We spent a little time together, and then separated to be alone with the energy of it. Kyle performed a ritual at the water’s edge in which he cleansed himself and readied himself for the next step that the weekend ceremony would bring. Kyle had arrived in a cloud of emotions that surrounded him. He had been going through a very difficult time in the previous two weeks, and the reason that I worked hard to get him to the ceremony was so that he could be guided to finding his way once again. The change in him began at the beach. Even as the sand gave way under his feet, his protective emotional layer gave way and he softened in to being ready to be shifted in the tides of the ceremony.
Knowing that we would be going to the beach, Rutury had given me a small task for Kyle and me to perform at the water’s edge before we arrived at the ceremony. After our separate time of quiet and reflection at the water’s edge, we came together again to complete it. Then it was time for us to make our way to where the ceremony was being held.
Rutury, happy to see his godson, and knowing that Kyle was going through a rough time and was in a tender place emotionally, took great care to spend time with him and council him throughout the weekend. Woven through those special times and ceremonies was the strand of connection between Kyle and me that had been frayed over the past couple of years. With each moment that we shared, it became stronger and more vibrant, taking on a new color blended from our experiences together in the present, and throughout his life.
The name of this blog, Weaving the Magic Thread refers to this thread that weaves between Kyle and me. This has been the story of how I became who I am, and then, how I used what I had experienced and learned in order to bring Kyle in to adulthood as best I could. Kyle and I were fortunate to meet Jaichima and Rutury twenty-eight years ago. Twenty-seven years ago, they agreed to become his godparents. Over the years they have been the driving spiritual force behind how I have raised Kyle, much of what I taught him, and how he grew to be the amazing man that he is now; a true spiritual warrior.
Rutury gave Kyle certain tasks and responsibilities to perform throughout the weekend. I watched as Kyle accepted each one with honor and grace, bringing his knowledge of ritual to each one while still remaining open to the newness each would bring to him, as they did to all of us. At the fire the first night, four people had been chosen to blow conch shells. I stood in the circle of people around the fire, listening as the tones came from the four directions. One tone was so clear and vibrant; it hit the very core of me with its connection to the earth, the fire, and the fog-laden sky. It was no wonder, I thought to myself as I saw Kyle emerge from the darkness outside the fire circle. Others remarked later on at the specialness of his sounding of the conch, and so I know that it’s not just mother-pride that heard it.

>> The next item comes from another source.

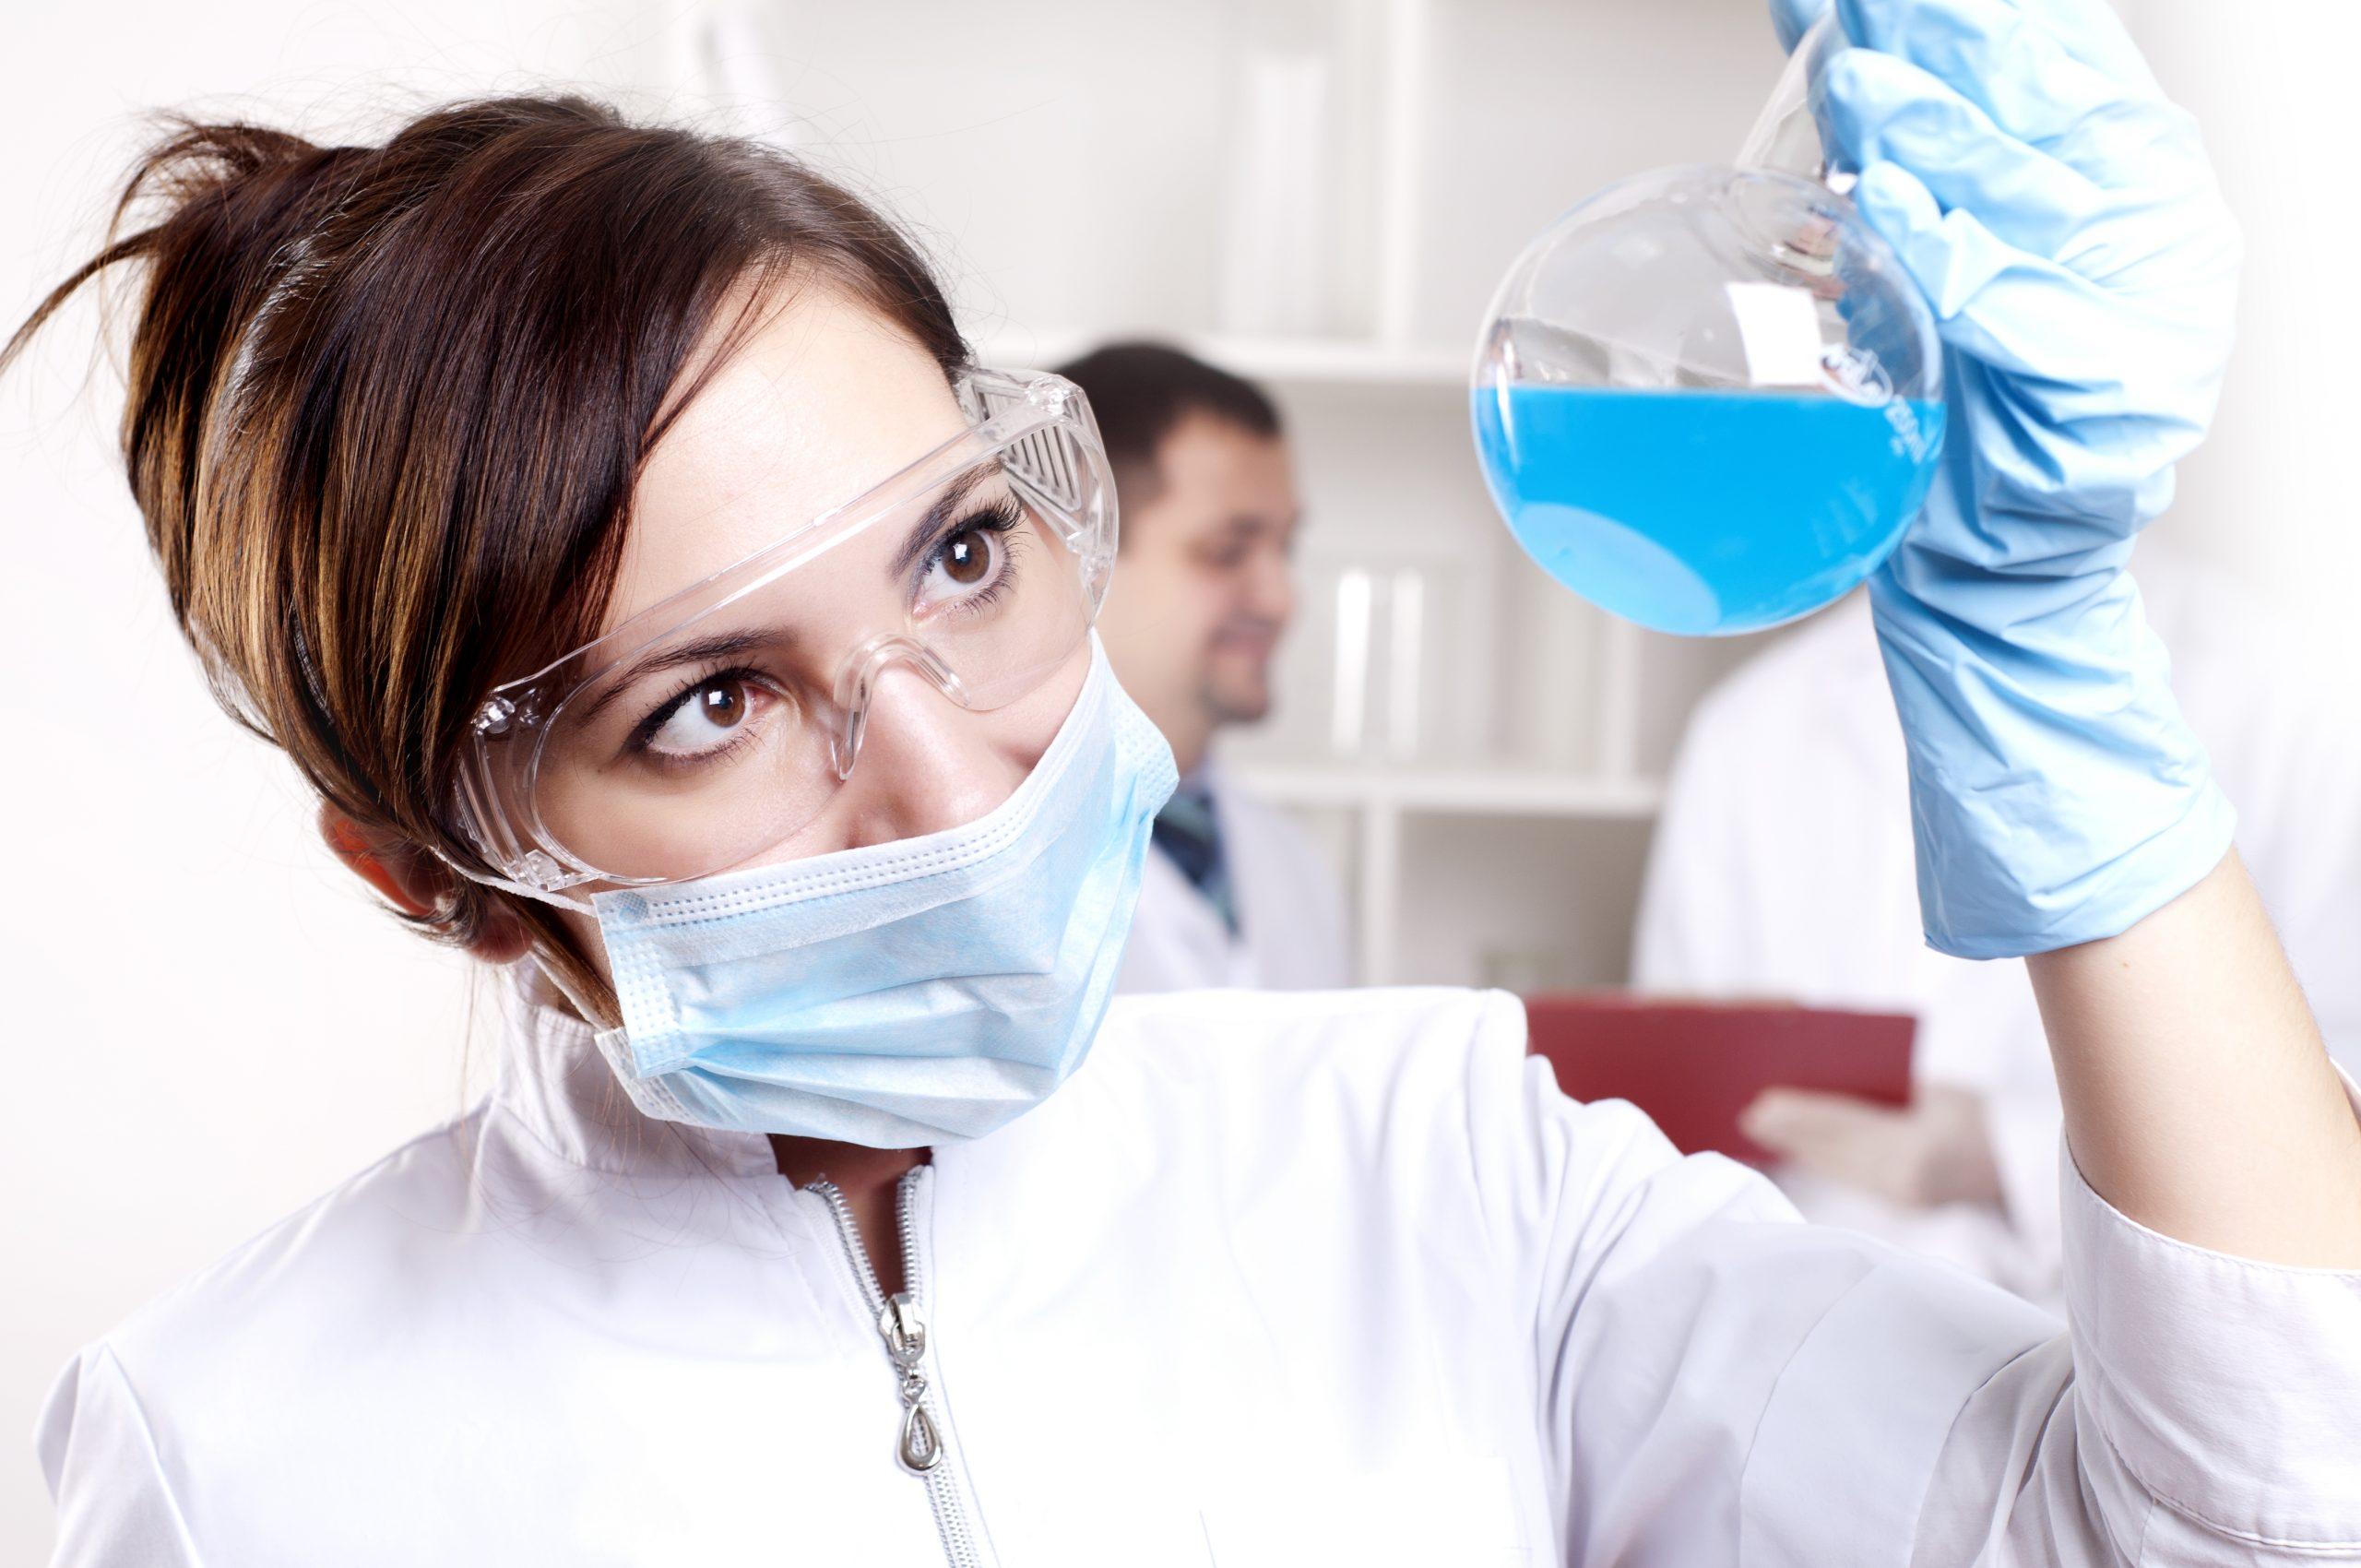 Pharma Quality Control & Quality Assurance

The following day, we went to the ocean (albeit a different beach) to continue the ceremonies. As Kyle stood with the cold surf washing over his feet and legs, blowing the conch for all it and he were worth, the glimmer of the light on the water mingled with the light emanating from him. I could barely contain my tears as I watched the healing process in him take place. It isn’t that it has been instantaneous or that he hasn’t had to complete deep and soulful reflection and reassessment, but the energy of it had truly begun. I knew that he would be alright, and that he will take in to his future the same resolve to bring his life in to keeping with his own brilliance of spirit that he had so many years ago.